I doubt you've damaged your lens. I've never used a lens cleaning kit, I just use a cheap micro fibre duster I got for a couple of quid. If it's a lens cleaning kit then it should be designed to be safe to use with a lens. That's what I would have thought.


----------



## ksmattfish (Apr 21, 2005)

I only use lens cleaning fluid as a last resort.  It won't damage your lens, but I've always had problems with it leaving a residue.  I use a blower brush.  Then I breath on the lens, and wipe with a 100% cotton cloth.


----------



## BadRotation (Apr 21, 2005)

ksmattfish said:
			
		

> I only use lens cleaning fluid as a last resort.  It won't damage your lens, but I've always had problems with it leaving a residue.  I use a blower brush.  Then I breath on the lens, and wipe with a 100% cotton cloth.




Yep, breathing on the lens, and then gently wiping it with a 100% lint free cloth works wonders.  NO streaking, and it works perfect.


----------



## Mitica100 (Apr 21, 2005)

I doubt you damaged the lens.
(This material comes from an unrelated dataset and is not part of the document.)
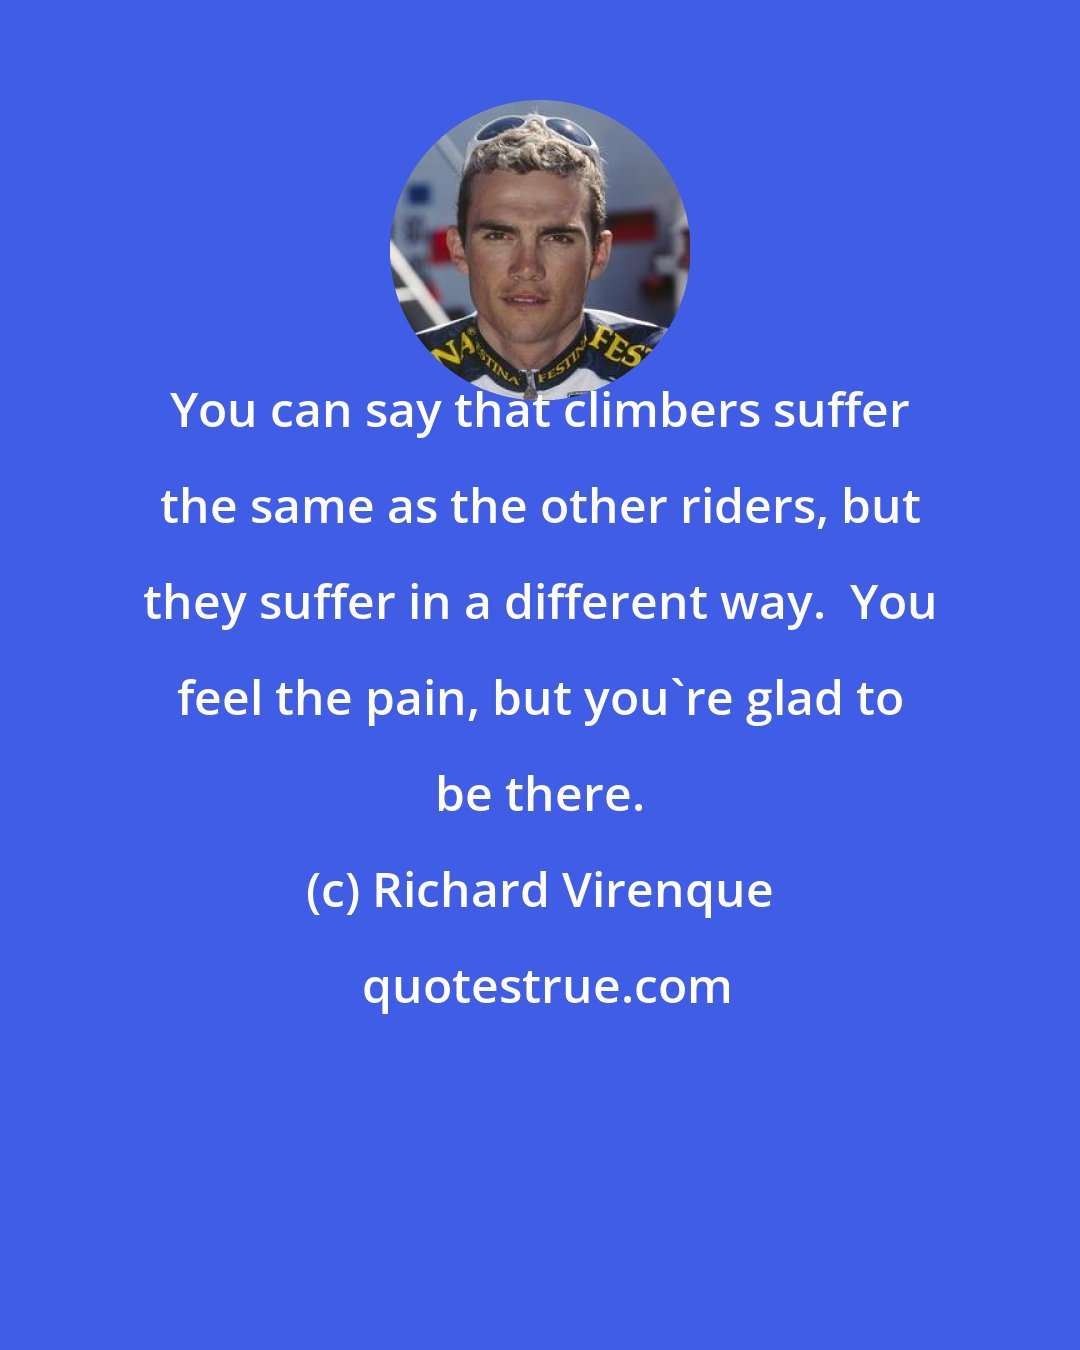 Richard Virenque: You can say that climbers suffer the same as the other riders, but they suffer in a different way.  You feel the pain, but you're glad to be there.

I clean my lenses with Zeiss cleaning solution applied to a small microfiber cloth, very gently rubbing in circular motion from center to the edges of the lens. Use no pressure at all and do this only after you blow the dust off. Note that the commercial dust blowing cans made for electronics will damage the lenses. I use a foot pump, the kind you use to inflate an air mattress and to which I fit a nozzle, bought for under $2.00 at a thrift store.


----------